● **Work task**: Every entry must be repeated exactly in the answer.

● **Given records**:
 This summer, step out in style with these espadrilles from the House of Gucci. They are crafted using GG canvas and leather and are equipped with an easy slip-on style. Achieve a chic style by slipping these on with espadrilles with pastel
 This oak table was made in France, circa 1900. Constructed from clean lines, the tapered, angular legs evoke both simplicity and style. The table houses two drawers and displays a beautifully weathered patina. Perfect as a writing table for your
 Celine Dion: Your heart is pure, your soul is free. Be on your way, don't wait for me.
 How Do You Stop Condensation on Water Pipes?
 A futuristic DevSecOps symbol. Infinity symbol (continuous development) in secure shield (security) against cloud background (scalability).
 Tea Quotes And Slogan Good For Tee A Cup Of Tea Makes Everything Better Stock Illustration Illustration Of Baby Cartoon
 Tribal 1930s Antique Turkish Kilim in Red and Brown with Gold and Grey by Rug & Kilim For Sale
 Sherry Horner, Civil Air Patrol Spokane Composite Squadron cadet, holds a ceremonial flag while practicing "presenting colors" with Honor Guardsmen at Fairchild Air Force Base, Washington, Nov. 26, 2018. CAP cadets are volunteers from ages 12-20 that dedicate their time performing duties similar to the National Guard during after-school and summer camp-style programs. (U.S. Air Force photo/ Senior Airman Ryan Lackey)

● **Expected answer**:
 This summer, step out in style with these espadrilles from the House of Gucci. They are crafted using GG canvas and leather and are equipped with an easy slip-on style. Achieve a chic style by slipping these on with espadrilles with pastel
 This oak table was made in France, circa 1900. Constructed from clean lines, the tapered, angular legs evoke both simplicity and style. The table houses two drawers and displays a beautifully weathered patina. Perfect as a writing table for your
 Celine Dion: Your heart is pure, your soul is free. Be on your way, don't wait for me.
 How Do You Stop Condensation on Water Pipes?
 A futuristic DevSecOps symbol. Infinity symbol (continuous development) in secure shield (security) against cloud background (scalability).
 Tea Quotes And Slogan Good For Tee A Cup Of Tea Makes Everything Better Stock Illustration Illustration Of Baby Cartoon
 Tribal 1930s Antique Turkish Kilim in Red and Brown with Gold and Grey by Rug & Kilim For Sale
 Sherry Horner, Civil Air Patrol Spokane Composite Squadron cadet, holds a ceremonial flag while practicing "presenting colors" with Honor Guardsmen at Fairchild Air Force Base, Washington, Nov. 26, 2018. CAP cadets are volunteers from ages 12-20 that dedicate their time performing duties similar to the National Guard during after-school and summer camp-style programs. (U.S. Air Force photo/ Senior Airman Ryan Lackey)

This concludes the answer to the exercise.